*Assigned task*:
Taking the line that contains "Final hero image, showing" as the start and the last line of the data as the end, repeat exactly every line in that span, but no pictures.

*Data section*:
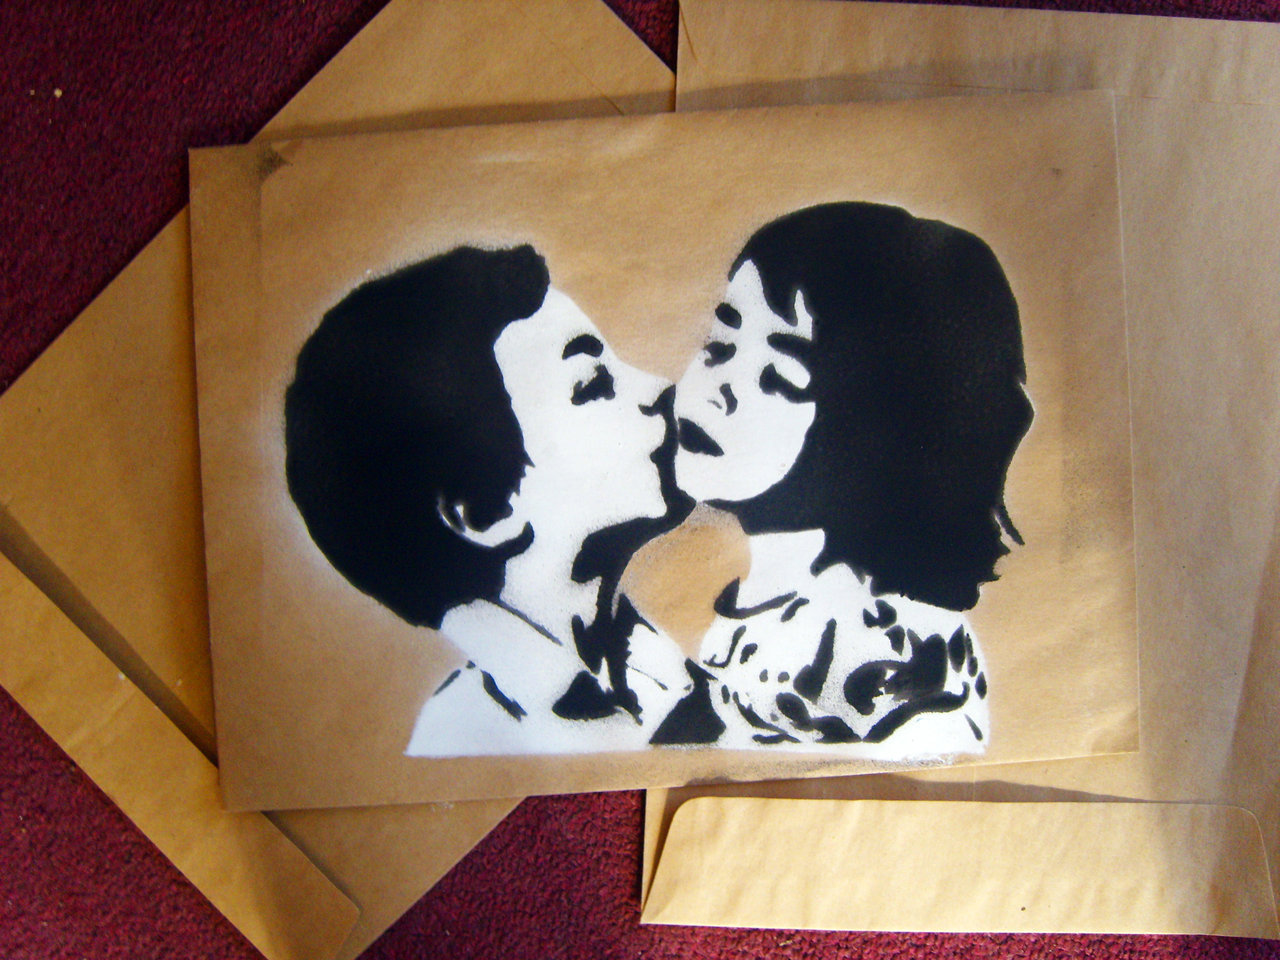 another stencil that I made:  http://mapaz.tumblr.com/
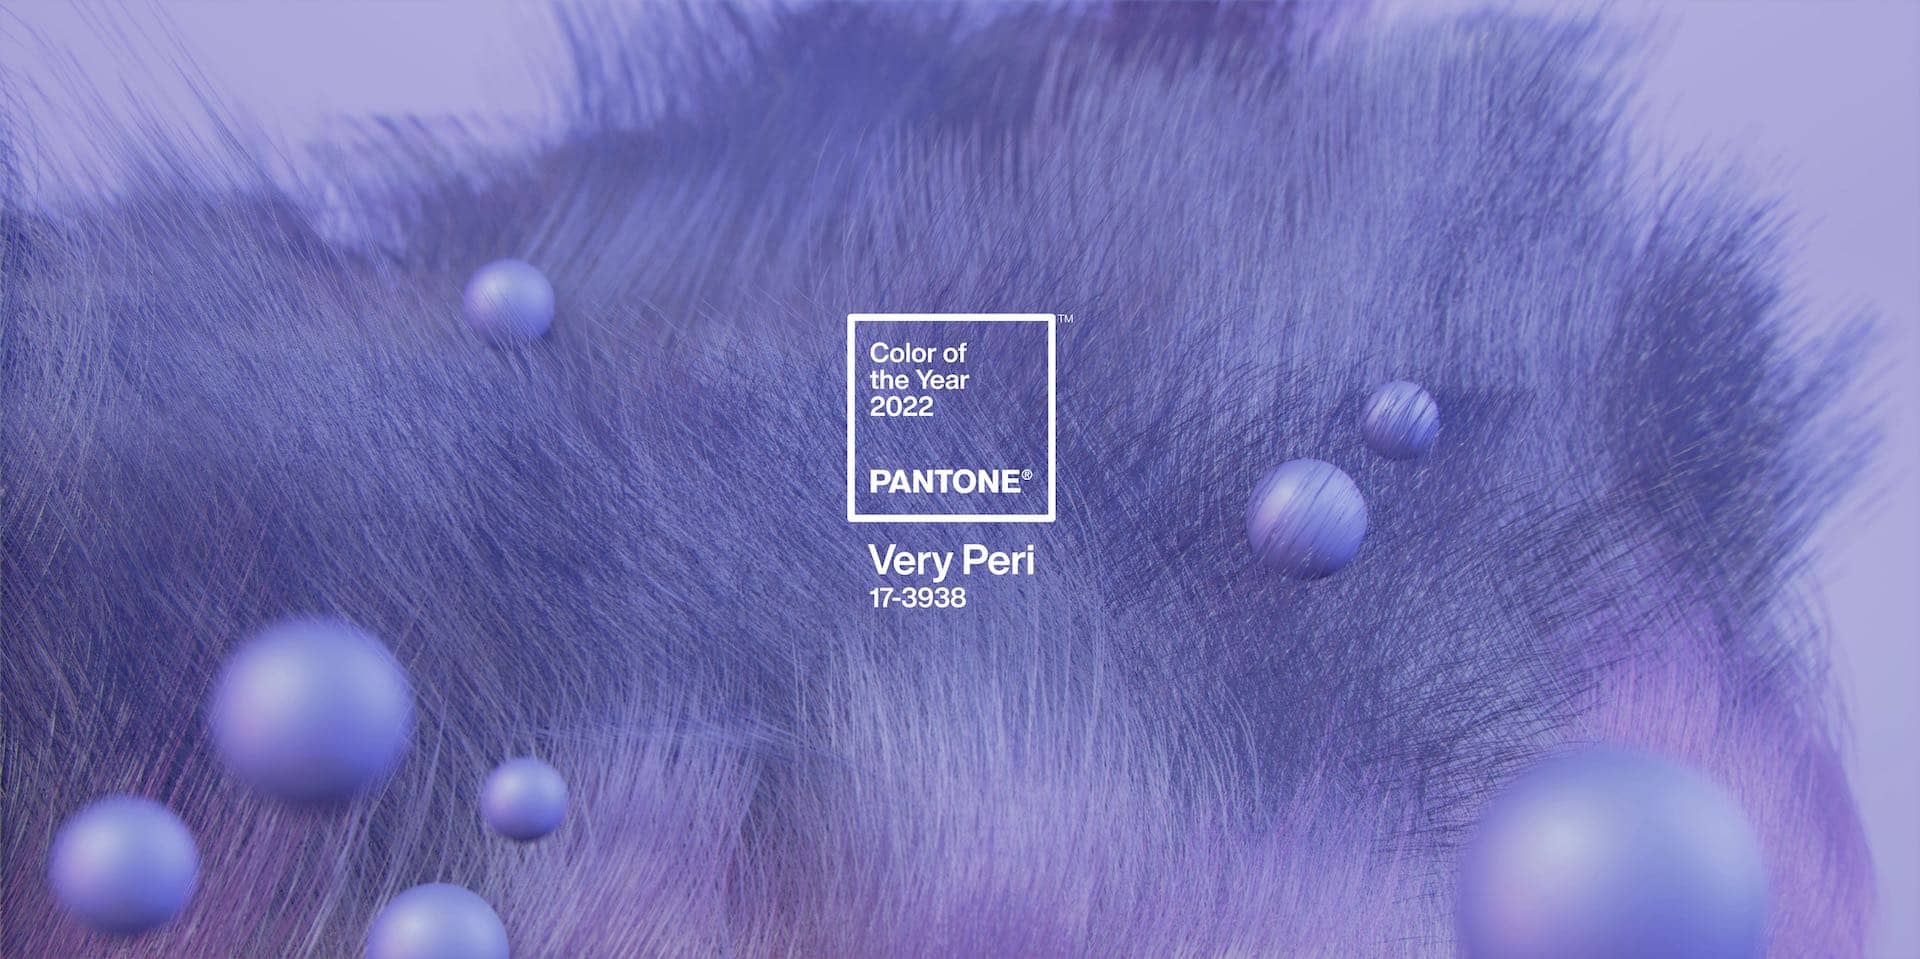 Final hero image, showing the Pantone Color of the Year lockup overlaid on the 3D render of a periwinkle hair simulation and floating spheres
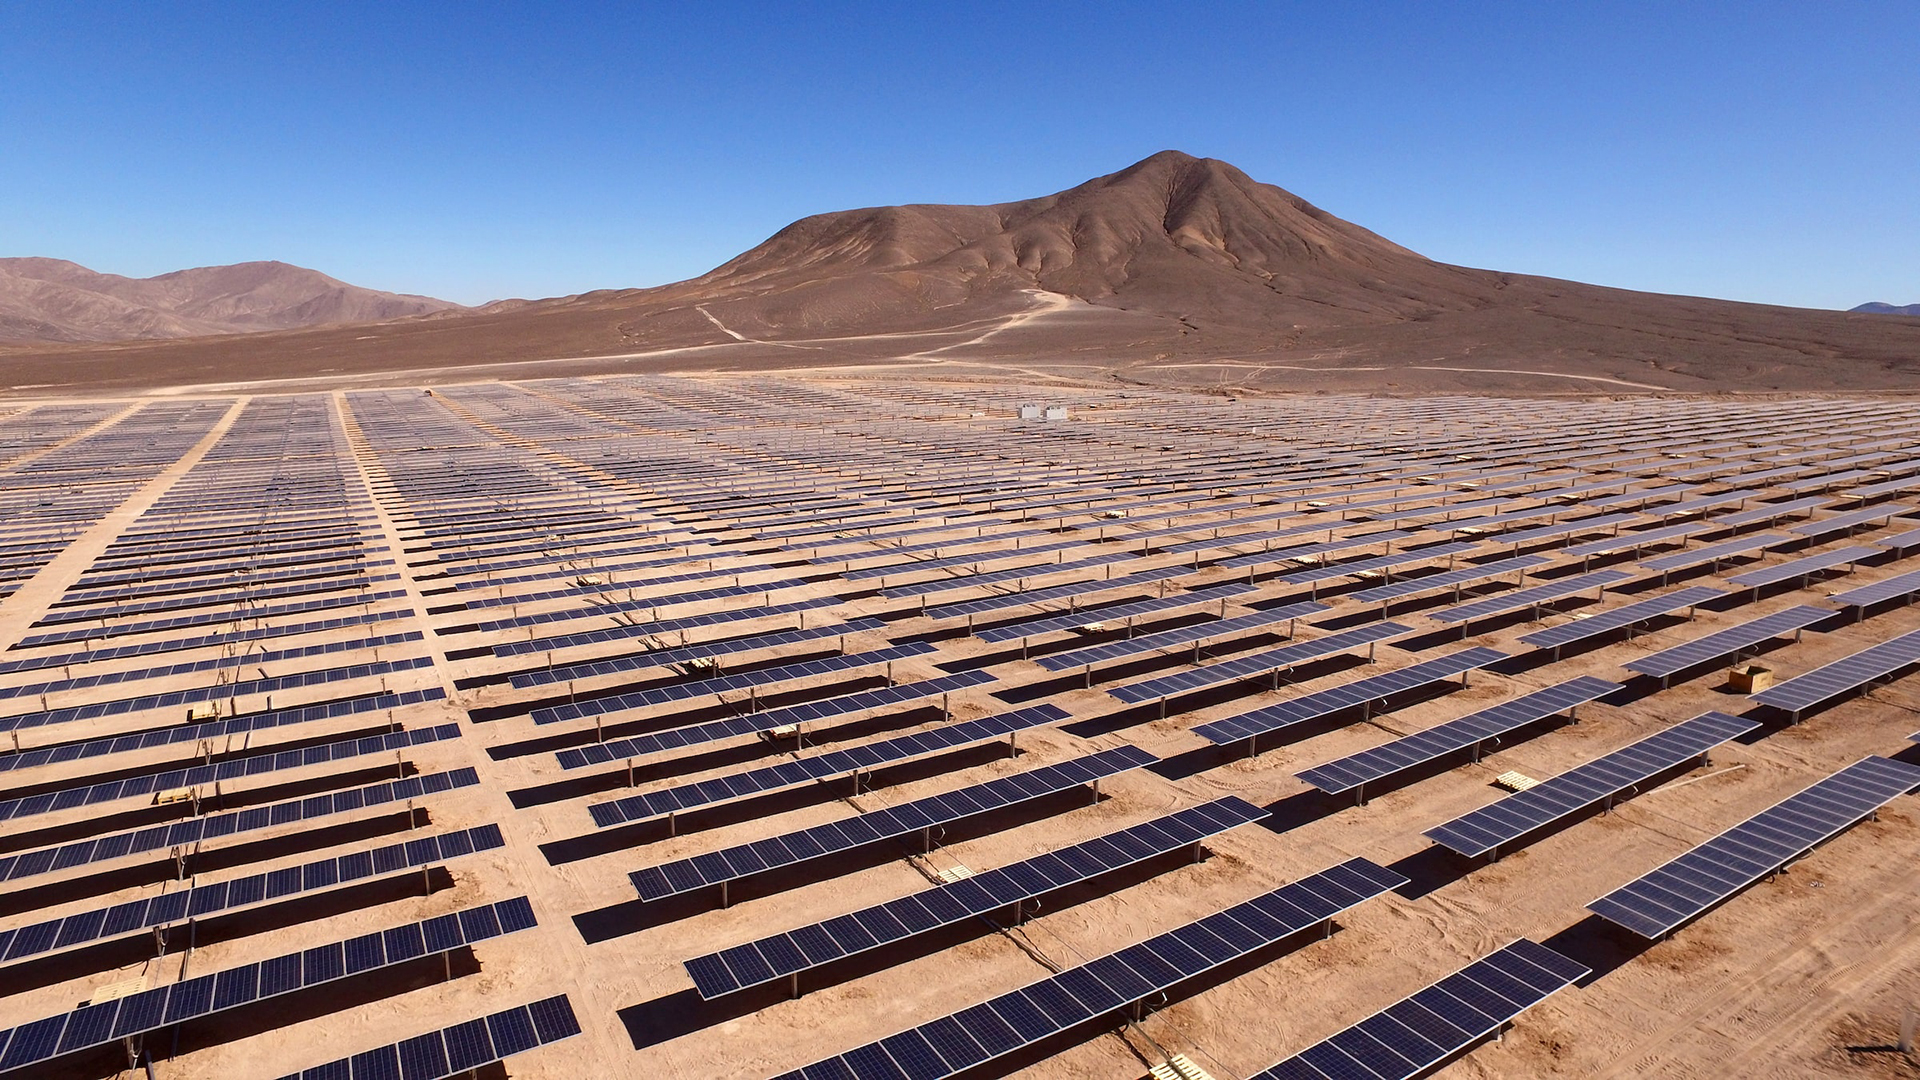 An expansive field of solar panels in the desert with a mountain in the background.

*Result of this exercise*:
 Final hero image, showing the Pantone Color of the Year lockup overlaid on the 3D render of a periwinkle hair simulation and floating spheres
 An expansive field of solar panels in the desert with a mountain in the background.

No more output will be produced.